Instructions to follow => Transcribe all the lines below exactly. Omit the pictures.

Material provided =>
BEGIN

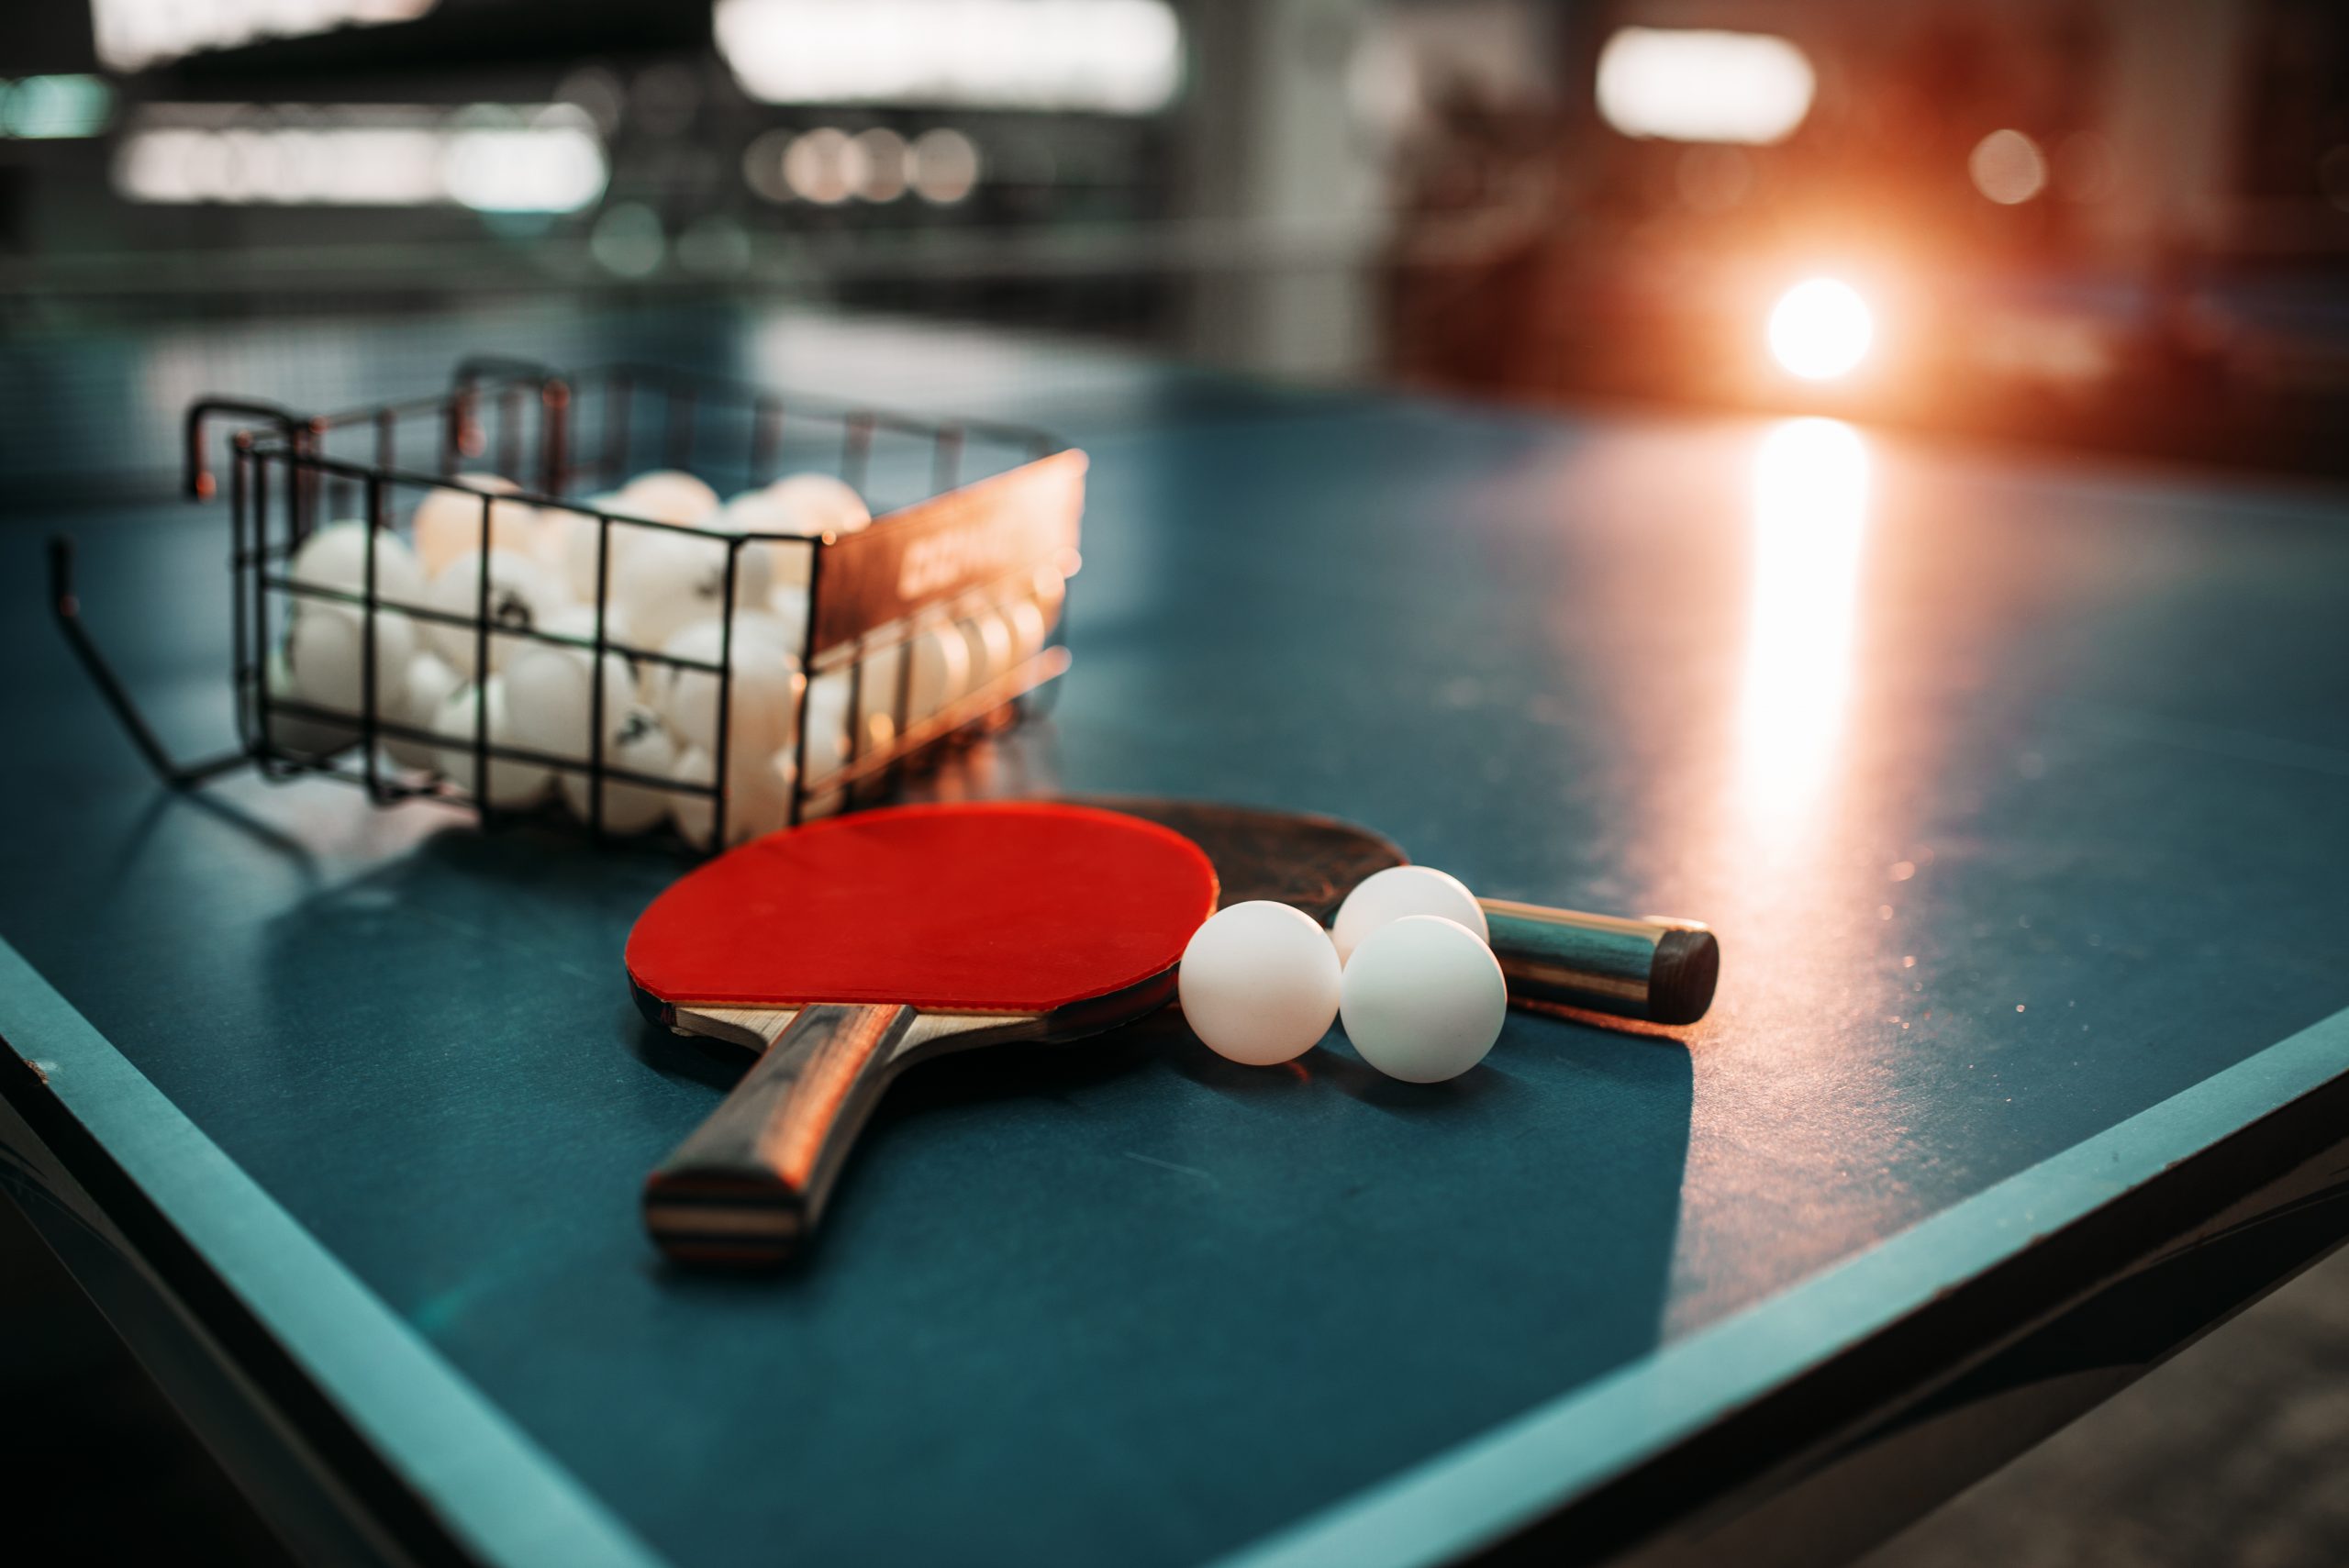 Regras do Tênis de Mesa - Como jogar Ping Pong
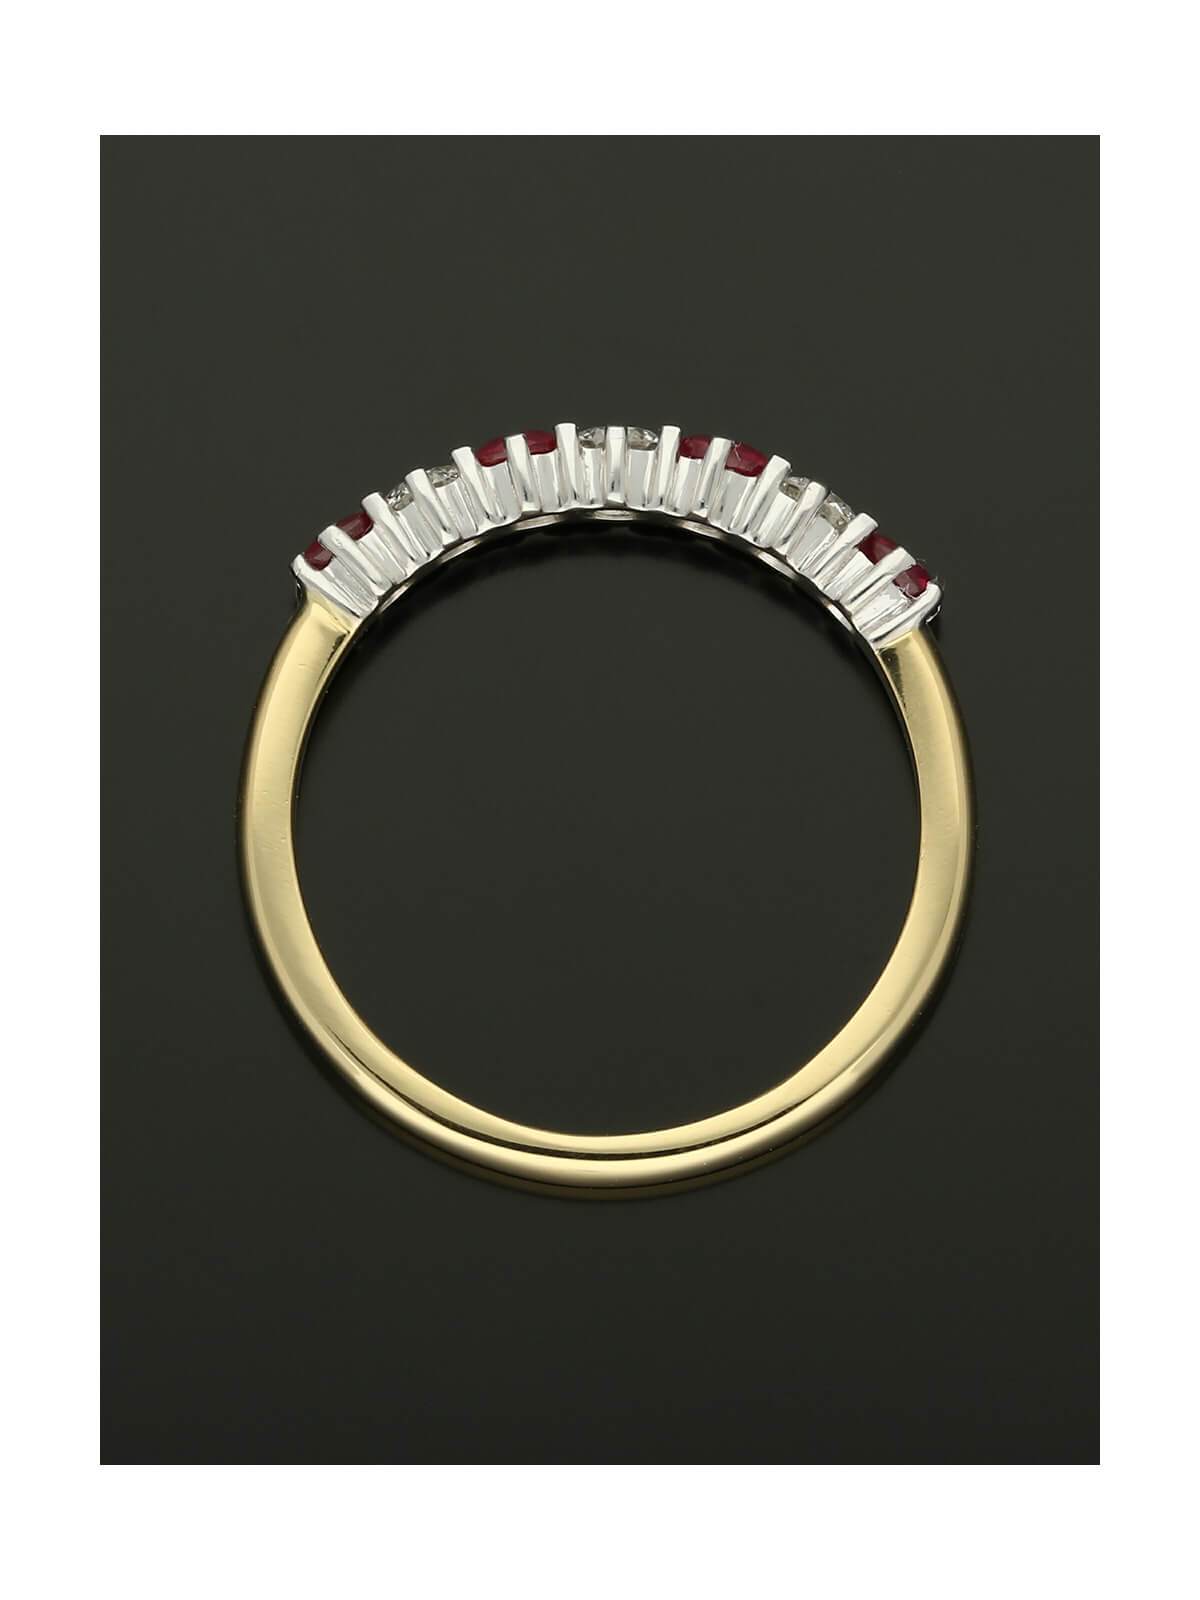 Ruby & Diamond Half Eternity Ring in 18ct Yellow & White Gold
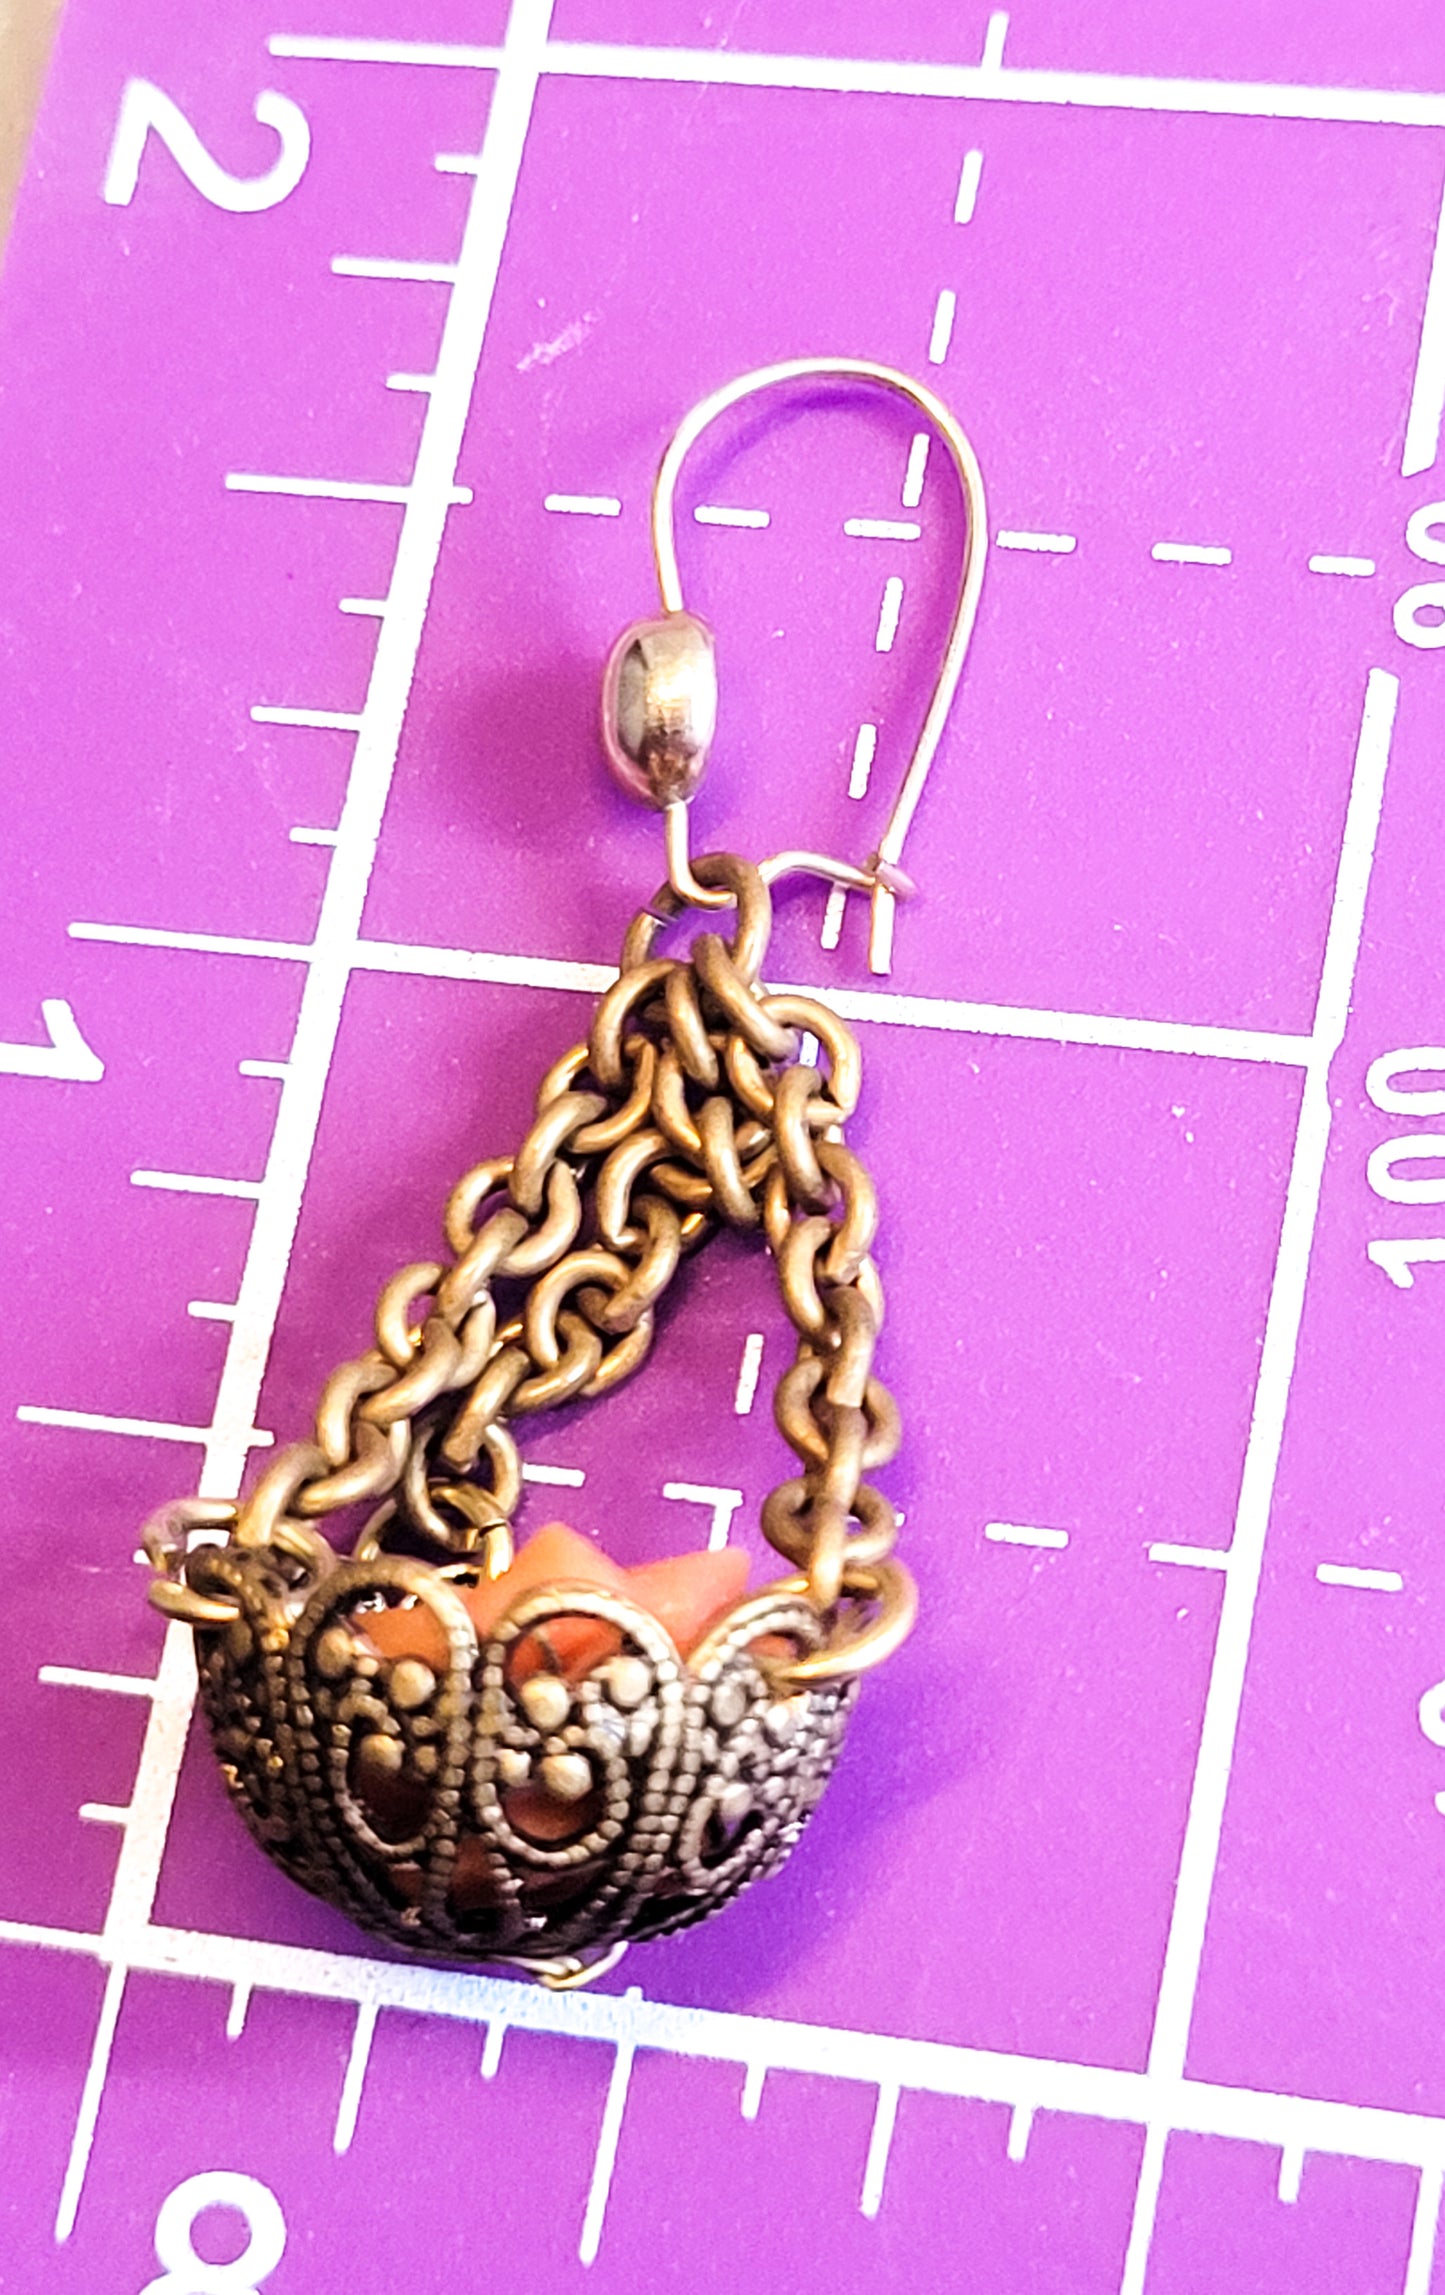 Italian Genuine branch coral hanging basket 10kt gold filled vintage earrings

END

Task output =>
 Regras do Tênis de Mesa - Como jogar Ping Pong
 Ruby & Diamond Half Eternity Ring in 18ct Yellow & White Gold
 Italian Genuine branch coral hanging basket 10kt gold filled vintage earrings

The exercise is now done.